Extract every line starting at the line that contains "Proverbs 3:5-6 Art Print in Pink" and ending with the final line of the data, inclusive; give only those lines, word for word.

Records contained in a dataset:
[Start of Attachment]

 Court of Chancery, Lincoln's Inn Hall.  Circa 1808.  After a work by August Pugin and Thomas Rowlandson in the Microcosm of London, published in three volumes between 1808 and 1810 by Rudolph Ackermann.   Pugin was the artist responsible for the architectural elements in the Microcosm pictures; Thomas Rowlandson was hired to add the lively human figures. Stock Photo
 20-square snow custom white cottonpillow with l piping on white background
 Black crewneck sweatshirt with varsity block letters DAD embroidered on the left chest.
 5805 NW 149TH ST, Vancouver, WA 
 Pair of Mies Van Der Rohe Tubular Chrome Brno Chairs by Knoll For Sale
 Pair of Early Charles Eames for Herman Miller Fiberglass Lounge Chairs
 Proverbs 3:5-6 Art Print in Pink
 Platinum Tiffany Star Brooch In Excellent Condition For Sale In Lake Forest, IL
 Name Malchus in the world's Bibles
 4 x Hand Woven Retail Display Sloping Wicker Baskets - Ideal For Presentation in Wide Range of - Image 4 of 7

[End of Attachment]

## Solution to this problem
 Proverbs 3:5-6 Art Print in Pink
 Platinum Tiffany Star Brooch In Excellent Condition For Sale In Lake Forest, IL
 Name Malchus in the world's Bibles
 4 x Hand Woven Retail Display Sloping Wicker Baskets - Ideal For Presentation in Wide Range of - Image 4 of 7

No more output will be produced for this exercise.